Let’s repeat the above example but instead of spatially aggregating sample locations by MPA we’ll aggregate by sediment characteristics. To accomplish this, we’ll import the sediment chemistry dataset, join it with our sample locations, and aggregate the chemistry data by MPA. We’ll end up with an average concentration of some sediment data for each MPA.

  1. Import the sediment chemistry data into R from the data folder using read_excel() from the readxl package. This file is called data/B13 Chem data.xlsx.

  2. From the chemistry data:

    • select() the Year, StationID, Parameter, and Result columns.

    • Use filter() to get only the rows in Year that are equal to 2013. Then use filter() again to get rows for the Parameter column that are equal to Arsenic (hint: filter(chemdat, Year == 2013 & Parameter == 'Arsenic')

    • Use rename() to rename the Year column to Bight. This will let you join the chemistry data with our stations data.

  3. Using our stat_sub dataset created above, use inner_join() to join stat_sub with the chemistry data. Then use select() to select only the StationID and Result columns from the joined dataset.

  4. Now use st_join() to spatially join the MPA polygon dataset to the joined chemistry/stations dataset (hint: polyjn <- st_join(polys, chemjn)).

  5. Then use the joined polygon dataset for the aggregation of the sediment chemistry data. Use group_by(MPA_Name) to establish a grouping variable, then summarise the Result column with summarise() to take the average arsenic values by each MPA (hint: summarise(Result = mean(Result, na.rm = T))).

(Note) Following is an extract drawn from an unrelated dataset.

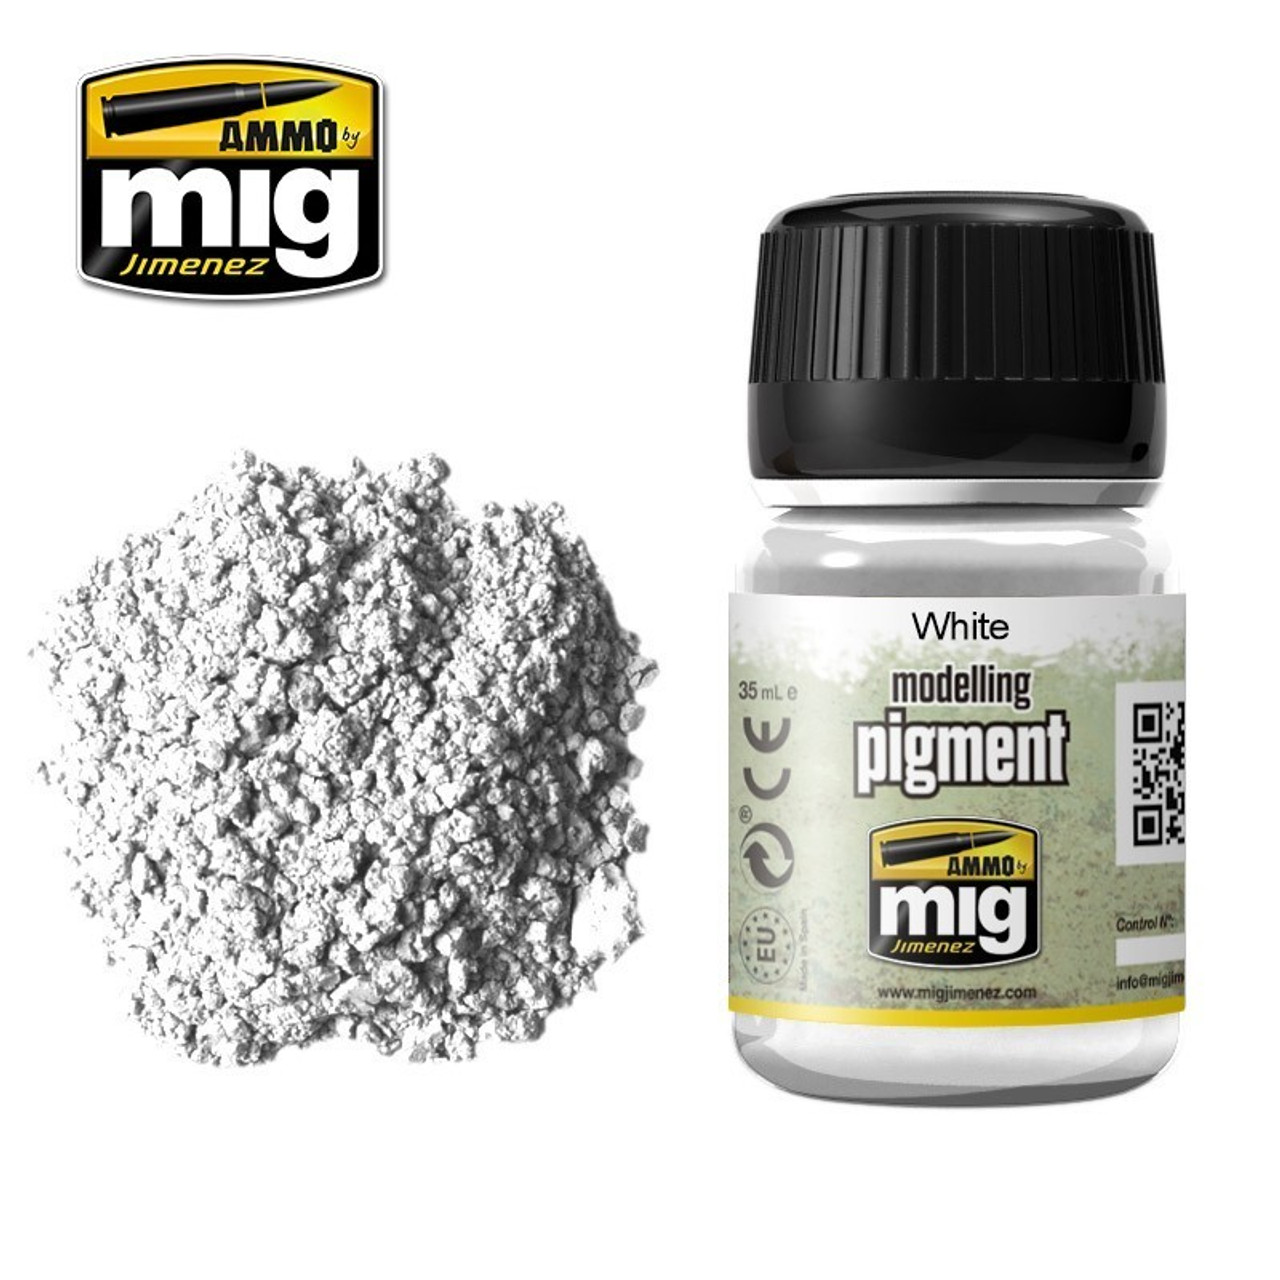 (SO) AMM3016 AMMO by Mig Modelling Pigment - White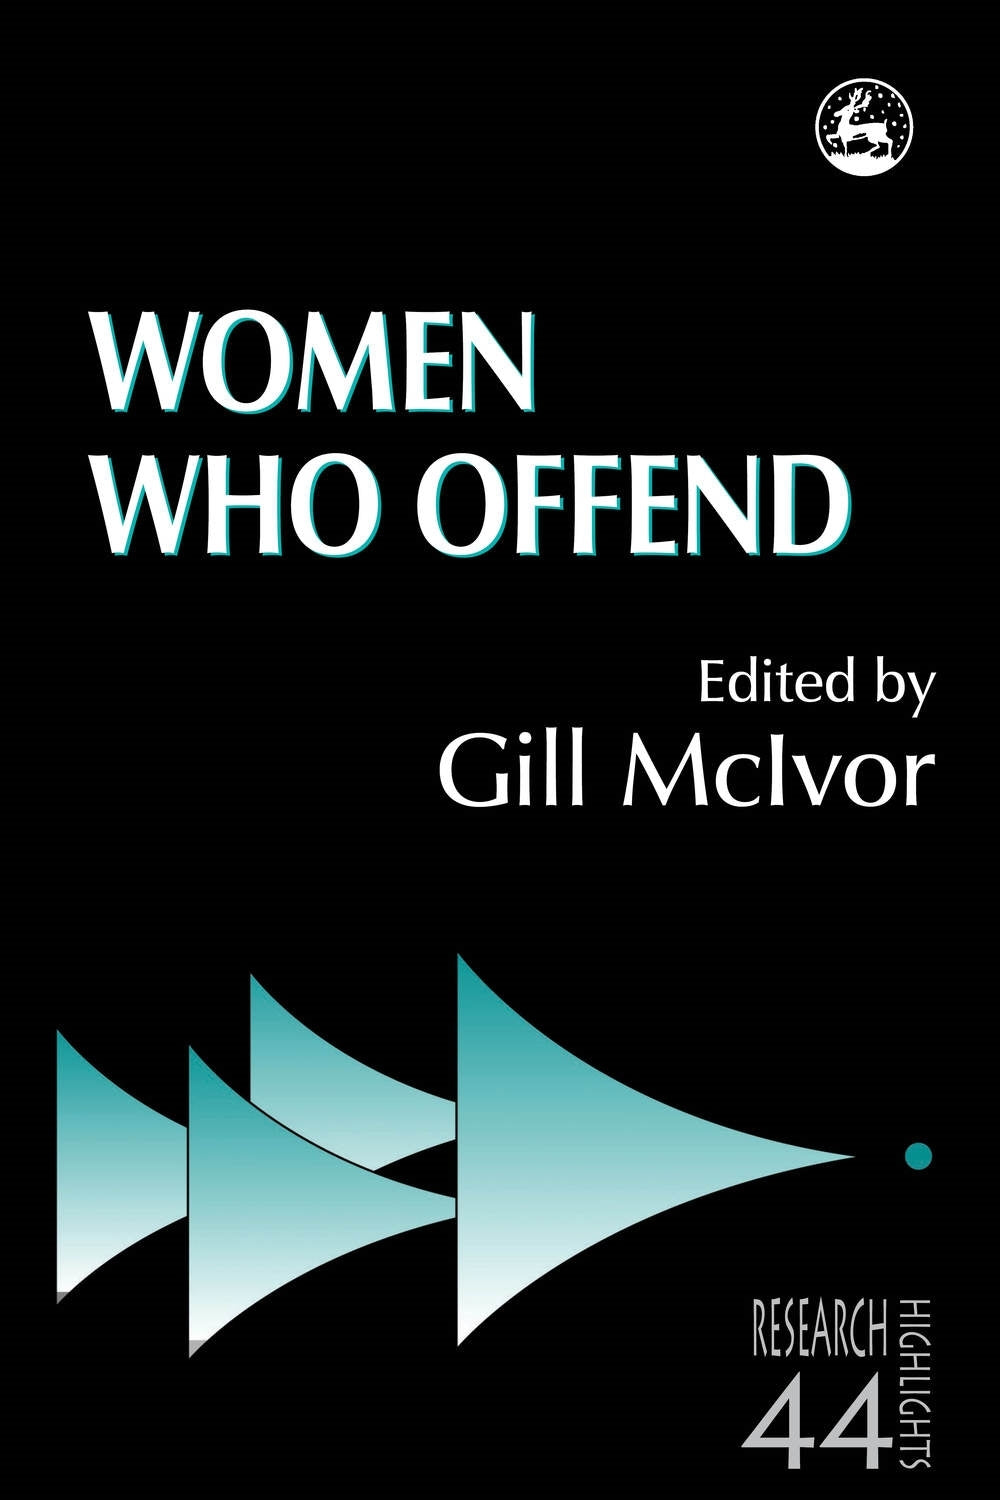 Women Who Offend by Gill McIvor

  6. Use mapview to plot the polygons and the argument zcol = 'Result' to show the average arsenic in each MPA.

# import and wrangle sediment chemistry
library(readxl)
chemdat <- read_excel('data/B13 Chem data.xlsx') %>% 
  select(Year, StationID, Parameter, Result) %>% 
  filter(Year == 2013 & Parameter == 'Arsenic') %>% 
  rename(Bight = Year)

# join sediment chemistry with stat_sub from above
chemjn <- inner_join(stat_sub, chemdat, by = 'StationID') %>% 
  select(StationID, Result)

# spatially join the MPA polygon data to the joined chemistry/stations data
# aggregate the results by the average
polyjn <- st_join(polys, chemjn) %>% 
  group_by(MPA_Name) %>% 
  summarise(Result = mean(Result, na.rm = T)) 
  
# plot  
mapview(polyjn, zcol = 'Result')